Бывает, в горах после бурного ливня и грозы встанет ясное теплое утро. Небо синее, как воды Иссык-Куля, горы в дымке утра бесплотны и прозрачны. Полосы снега на вершинах кажутся гребнем застывших волн. Все овеяно тишью не совсем отошедшей ночи. Но вот встало солнце, поднялось чуть выше, дымка поблекла, показались холмы, измятые, изборожденные временем. Внизу все давно выглядит обычно, но только внизу. Вверху еще долго все будет бесплотно, проникнуто ровным, безмятежным покоем.

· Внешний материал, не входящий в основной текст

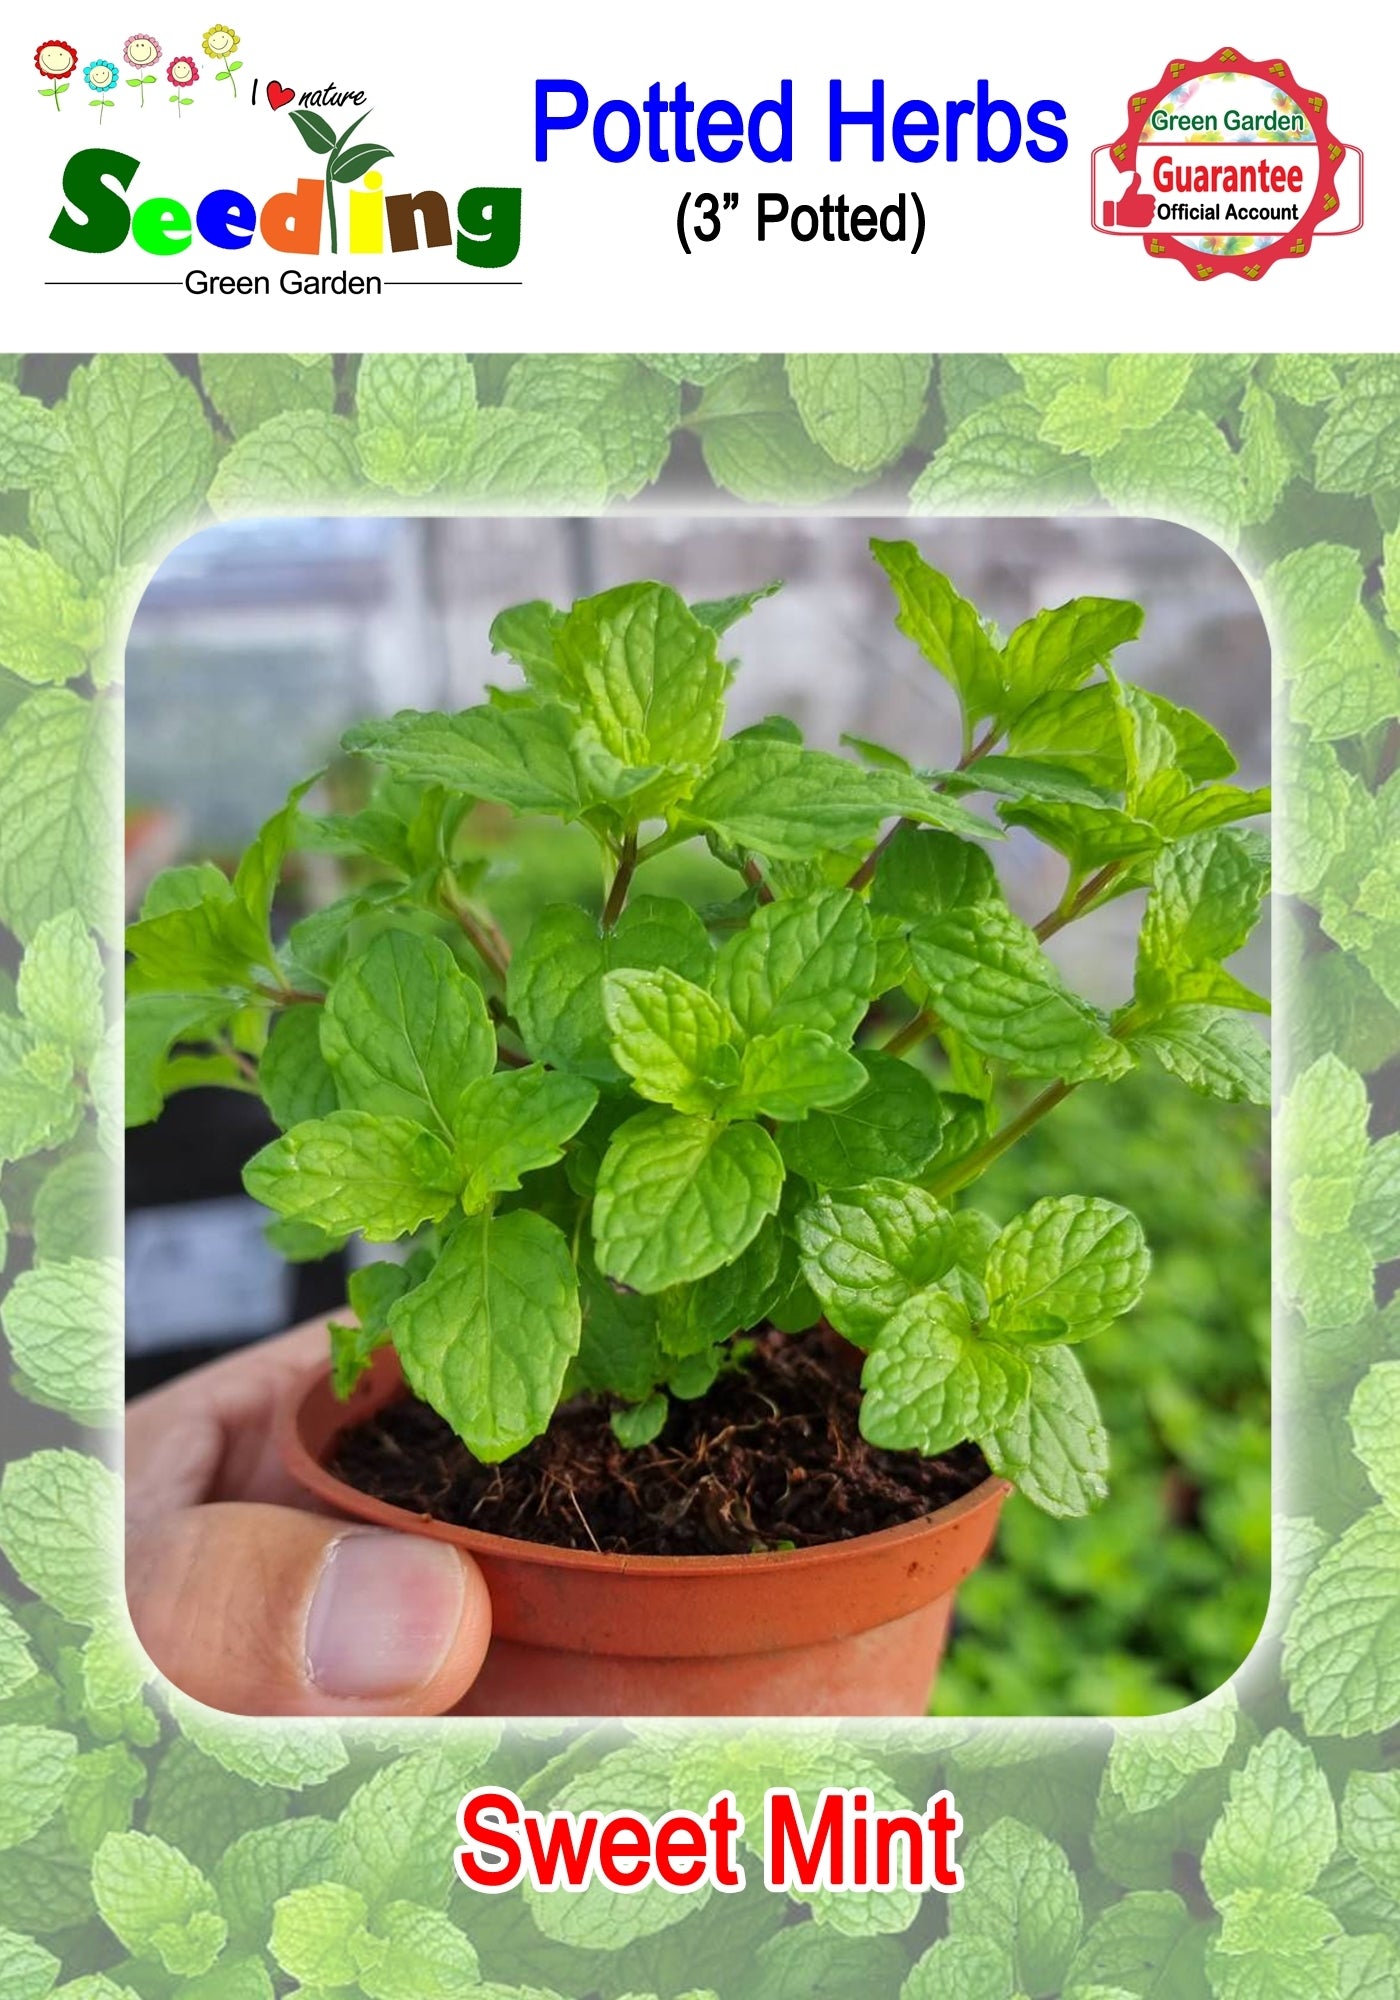 Buy 1 take 1 Assorted Potted Herbs in 3" Pot

Джоомарт не чуял земли, он был далек от нее. В его бесплотном мире все проникнуто покоем. Ушло тяжелое, трудное, мир прояснился. Ему легко и приятно, движения ровны, уверенны, никогда еще ноги так легко не носили его. Что им подъем, что крутая дорожка! Каждый шаг — удовольствие. Он иной раз не знает, куда деть свои руки, и непрестанно сует их в карман. Сейчас они сами нашли свое место и не дают знать о себе. Ему кажется, точно он вырос. И все оттого, что голова поднялась выше плеч. Так высоко она никогда еще не поднималась. Пусть люди думают, что им угодно, пусть делают с ним, что хотят. У него на душе покой и порядок, все понятно раз навсегда.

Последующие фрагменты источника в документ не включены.